How to Get Your PHP Pages Indexed on Google

Part 1 of the SEO for PHP Series

Finally, an article that will explain the problem and answer the question that has perplexed and eluded web developers and SEO experts for years. The question: How do I get my PHP pages indexed on Google and other search engines?

The Myth Exposed

First, I need to point out that there has always been a myth surrounding Google’s indexing (or non-indexing) of PHP pages, specifically dynamically generated pages. I suppose my mysterious title to this entry doesn’t help the matter, because Google is easily able to index both dynamically generated PHP pages and PHP pages with dynamically generated content (read further down for an explanation). There are some good practices that webmasters should follow to make sure their site’s pages are clearly readable, but there’s not really a big mystery. I’ll explain in later posts in this series how you can make your PHP site Google ready. In the mean time, Google (as always) is smart enough to sort through most of the garbage that people sometimes post to the web. So why write an article you ask? Because there are so many people who still believe this myth, and it’s about time someone pointed out that Google has already set the record straight.

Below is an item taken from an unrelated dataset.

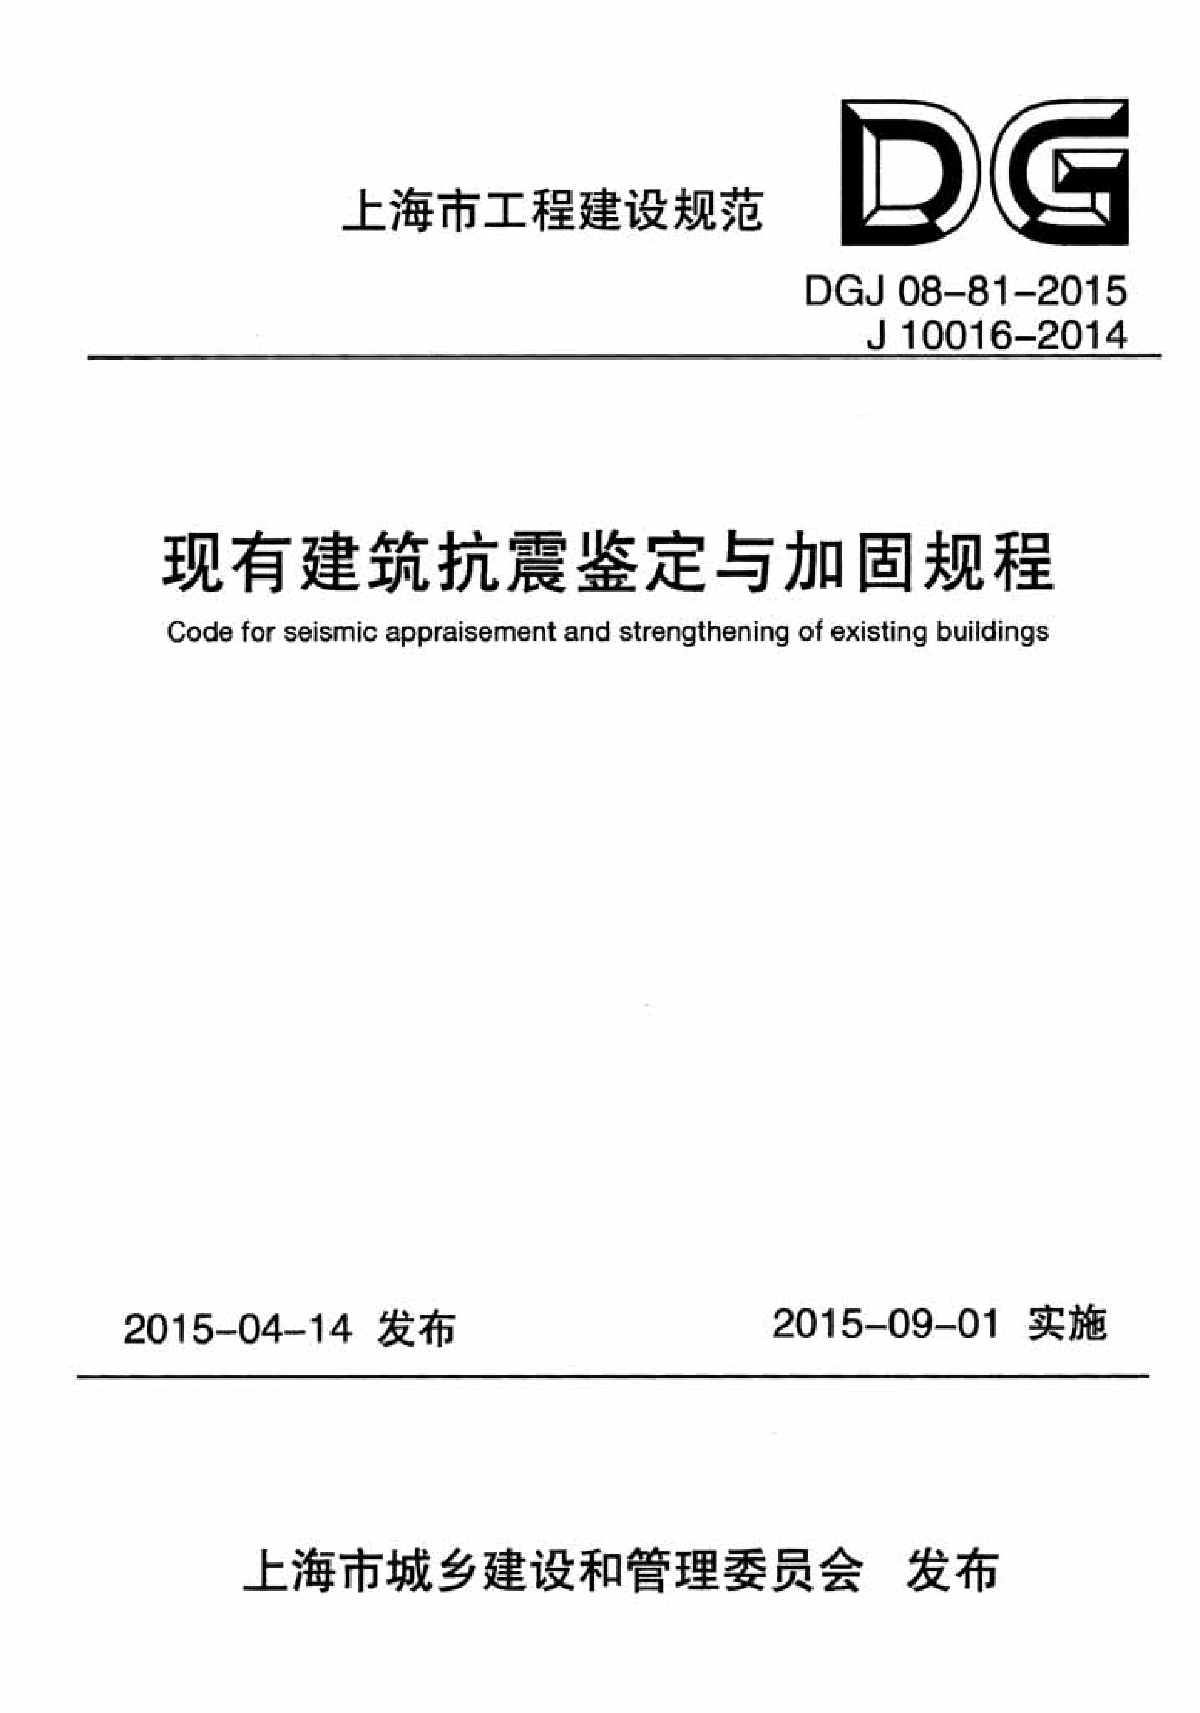 DGJ08-81-2015现有建筑抗震鉴定与加固规程-图一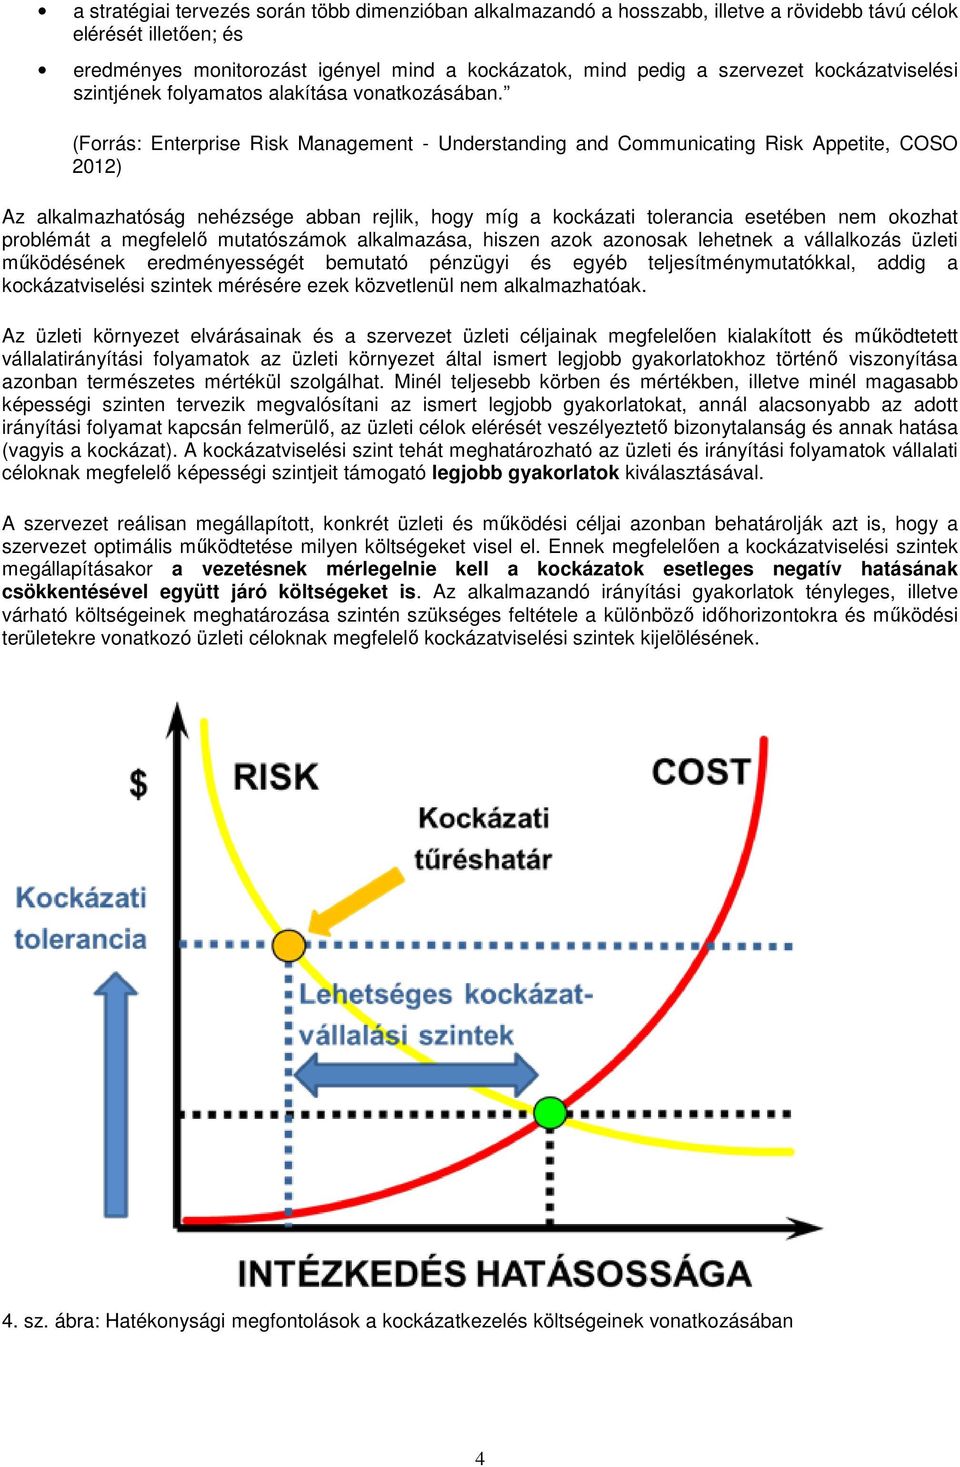 (Forrás: Enterprise Risk Management - Understanding and Communicating Risk Appetite, COSO 2012) Az alkalmazhatóság nehézsége abban rejlik, hogy míg a kockázati tolerancia esetében nem okozhat

It’s easy to see how such a myth could be perpetuated over time. Google did have an excerpt from their Webmaster Guide back in 2006 that said Google had a more difficult time indexing pages with a query string in the URL (for those of you not familiar with URL parts, read this entry by Google’s Matt Cutts). Google once warned:

“Don’t use “&id=” as a parameter in your URLs, as we don’t include these pages in our index.”

Ah ha! The spark that started the fire. So, Google really did have a hard time at some point indexing PHP pages? Well, not so fast Mr. or Ms. Webmaster pants. They didn’t say anything about dynamically generated pages, or even PHP for that matter. They simply said it’s best not to use certain query strings in your URLs. It has been exaggerated and expanded over the years to somehow include the idea that Google is wholly incapable of indexing pages processed by PHP. This notion was false then, and is false now. In fact, Google has now even removed that line from the Webmaster Guide and has stated clearly that it’s OK to have dynamically generated pages.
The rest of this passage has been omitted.